The implications of this research extend beyond theoretical neuroscience. For robotic systems, a deeper understanding of optimal sensory integration could lead to more efficient and sophisticated perception and decision-making. Imagine robots that can better interpret and categorize their environment, leading to more fluid and intuitive interactions with humans. In the realm of artificial intelligence, the seven-sense hypothesis could guide the design of neural networks and learning algorithms. Instead of relying on a fixed number of input channels, AI systems could potentially be engineered to process information across a more optimal, seven-dimensional feature space, leading to enhanced learning efficiency and a richer internal representation of data. This could be particularly impactful in areas like natural language processing, image recognition, and complex problem-solving, where the ability to extract nuanced meaning from data is crucial.
The concept of evolving senses, while speculative for humans in the immediate future, highlights the adaptive nature of biological systems. If future evolutionary pressures or technological advancements were to introduce new sensory modalities, this research provides a framework for understanding how such additions might optimally integrate with existing cognitive architectures. The study suggests that the brain’s architecture is not arbitrary but may be finely tuned to specific dimensionalities for peak performance.

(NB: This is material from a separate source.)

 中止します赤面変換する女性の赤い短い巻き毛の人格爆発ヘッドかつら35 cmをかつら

Professor Brilliantov’s emphasis on the "highly speculative" nature of applying these findings directly to human senses is a testament to the scientific rigor of the research. However, he wisely tempers this by acknowledging the unpredictable nature of future human evolution and the potential for novel sensory experiences. The core of their contribution lies in the mathematical elegance of their model, which demonstrates a universal principle of information processing and storage. The number seven emerges not from an arbitrary choice but from the fundamental mathematics governing the organization and retrieval of discrete concepts within a multi-dimensional information space.

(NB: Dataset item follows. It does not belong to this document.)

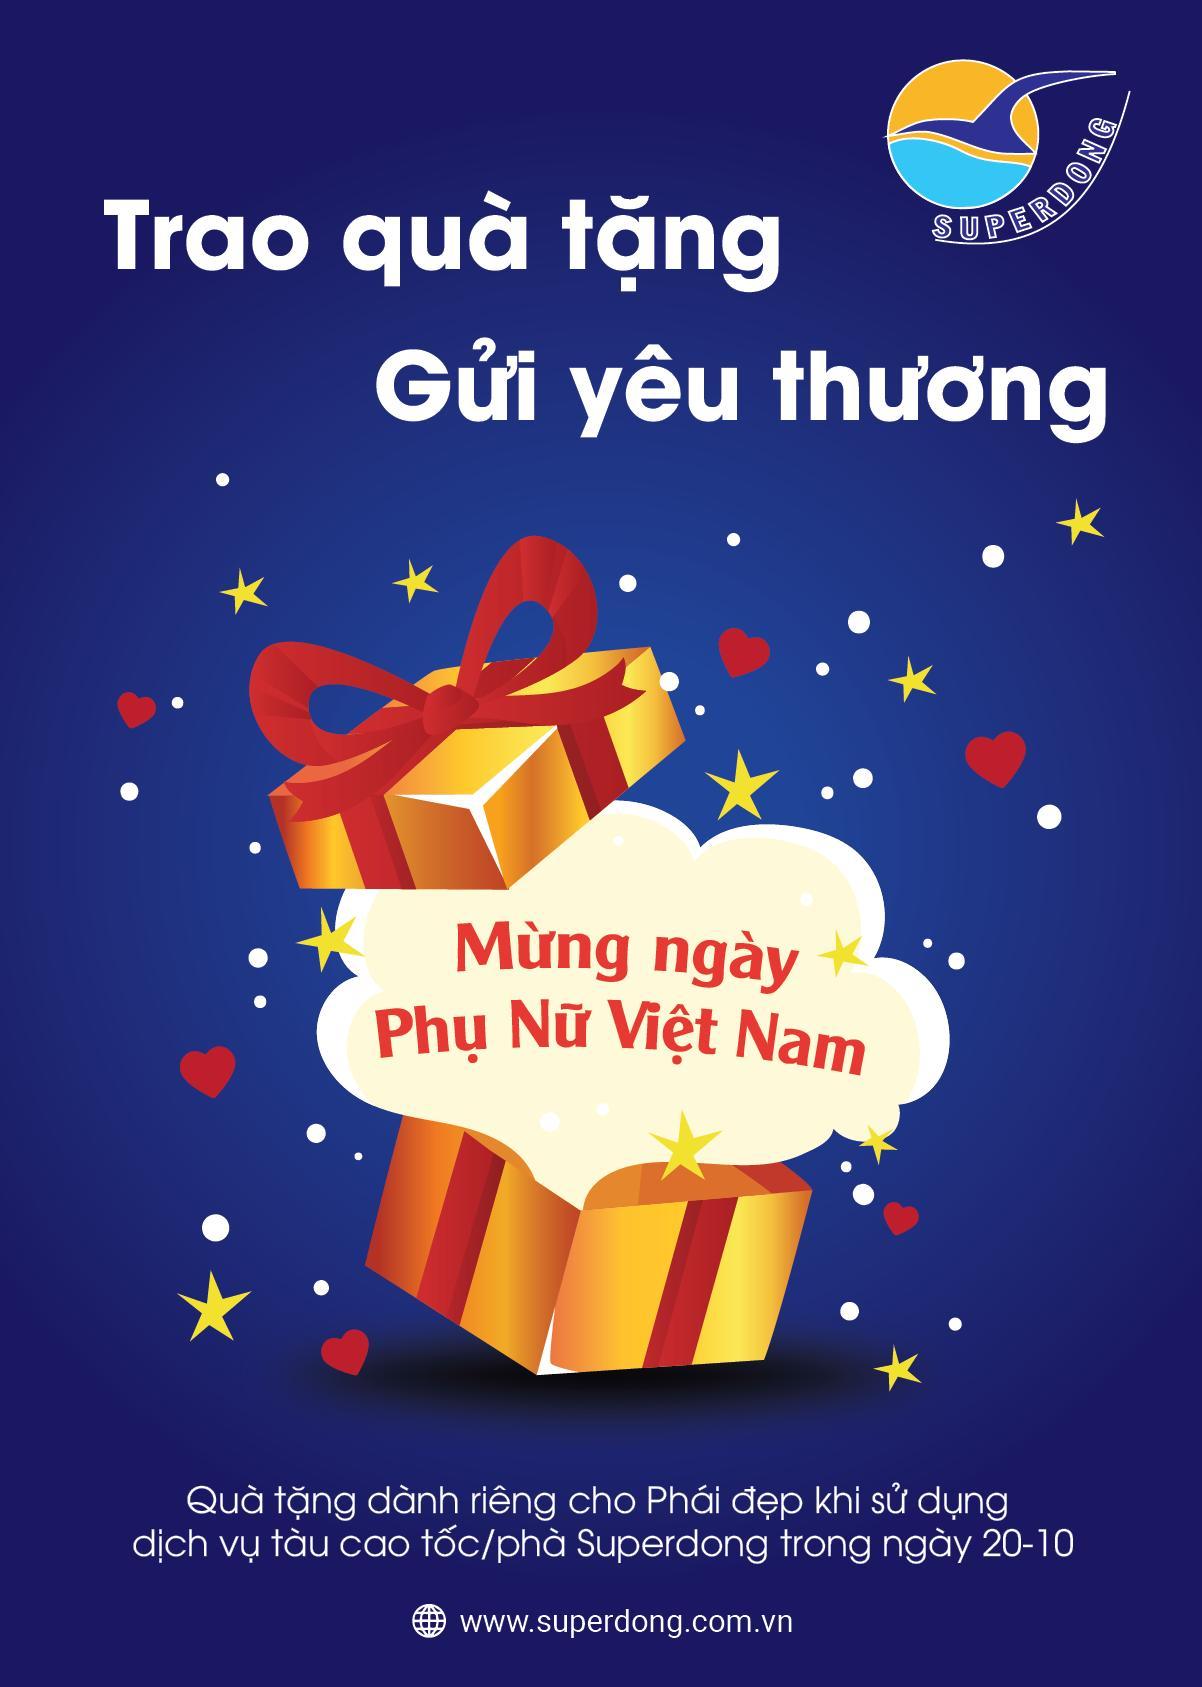 trao-qua-tang-gui-yeu-thuong-superdong-mung-ngay-phu-nu-viet-nam-20-10

The researchers’ focus on engrams as the basic units of memory aligns with contemporary neuroscience. While the precise biological substrate of an engram is still a subject of active research, the conceptualization of it as a distributed neural pattern that represents a memory is widely accepted. By mathematically modeling the evolution and capacity of these engrams in relation to the dimensionality of the features that define them, Skoltech’s work offers a quantitative approach to understanding a qualitative aspect of cognition.

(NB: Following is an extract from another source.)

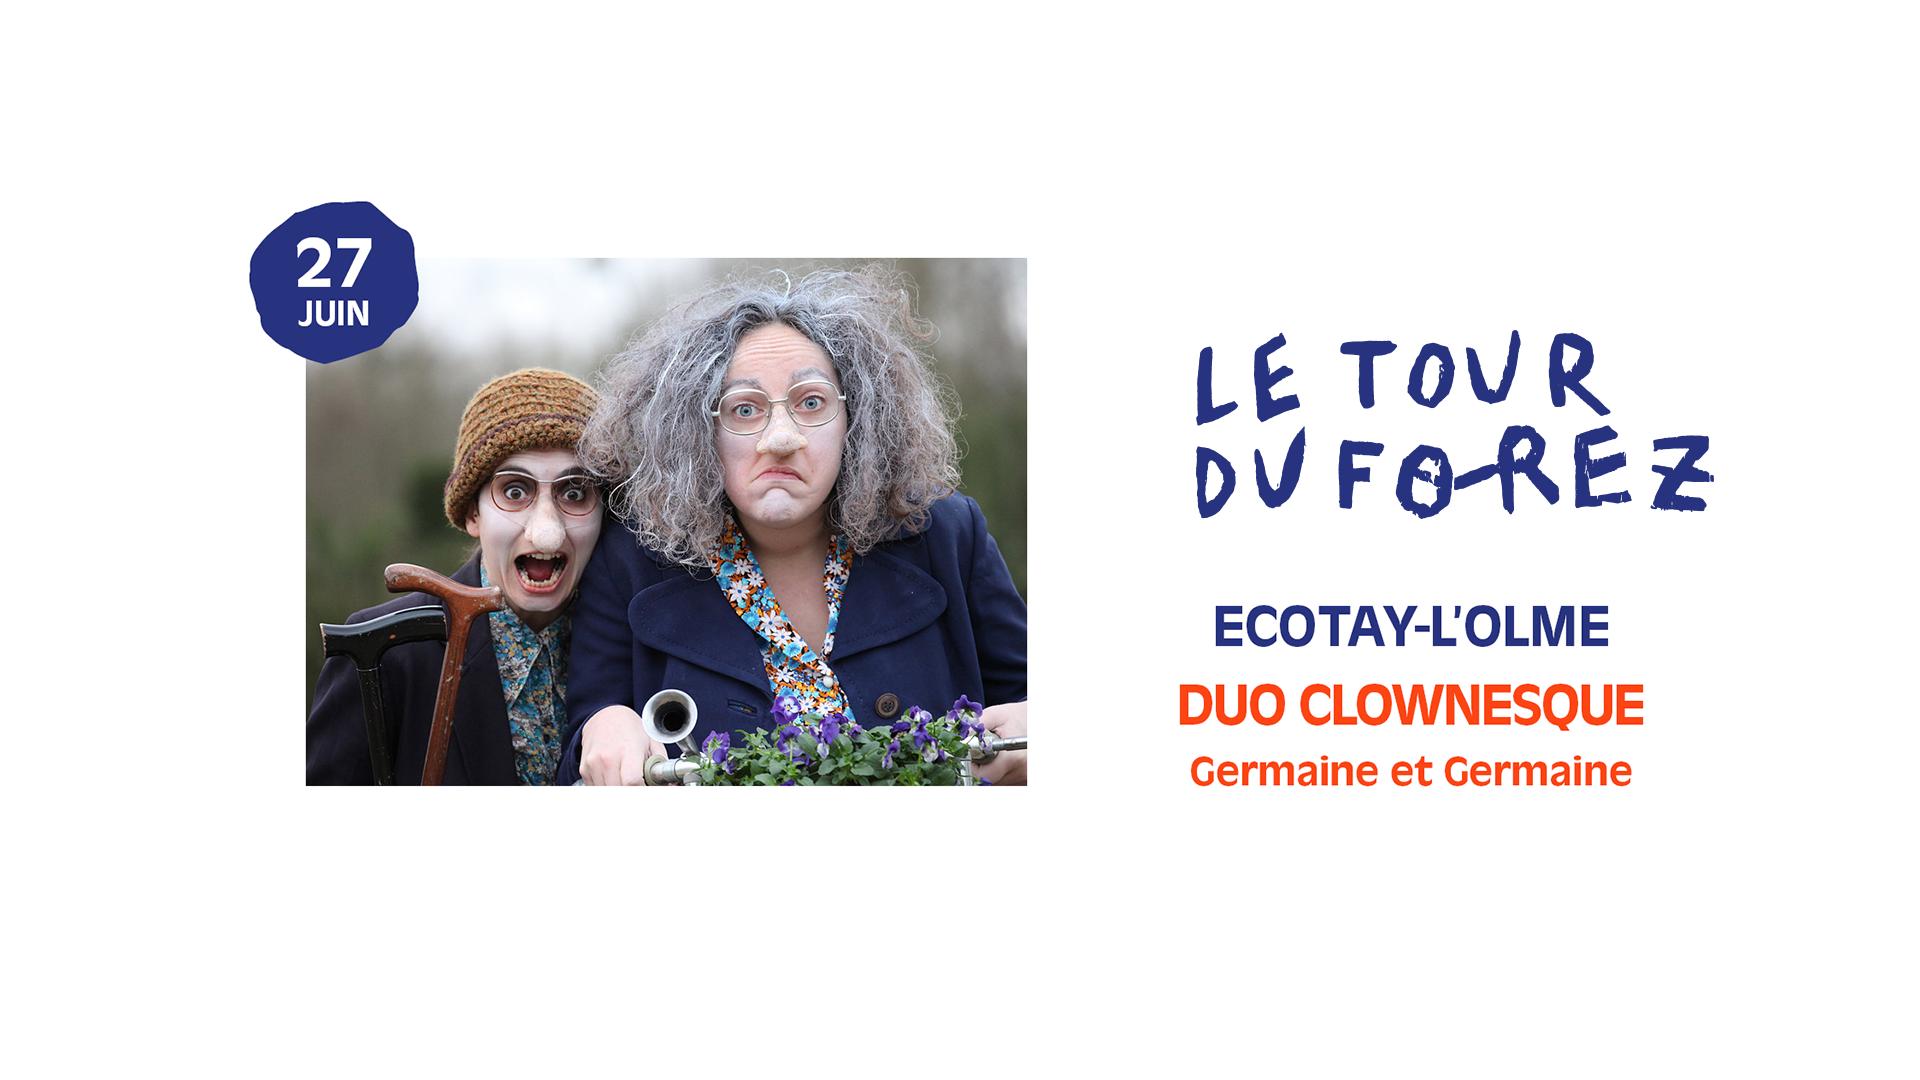 Duo Clownesque

The robustness of the number seven across different model parameters further strengthens the claim. This suggests that the principle is not dependent on the minutiae of how sensory information is encoded or how concepts are structured, but rather on a more fundamental geometric property of information representation. The caveat regarding similarly clustered engrams is also important, as it implies that the efficiency of memory is not just about the quantity of stored items but also about their distinctness and discriminability.
In conclusion, the research from Skoltech provides a compelling mathematical argument for the existence of an optimal number of senses, suggesting that seven might be that number. While direct application to current human experience remains speculative, the implications for AI and robotics are profound, offering a roadmap for designing more intelligent and efficient systems. This work underscores the power of mathematical modeling in unraveling the mysteries of the brain and pushing the boundaries of artificial intelligence.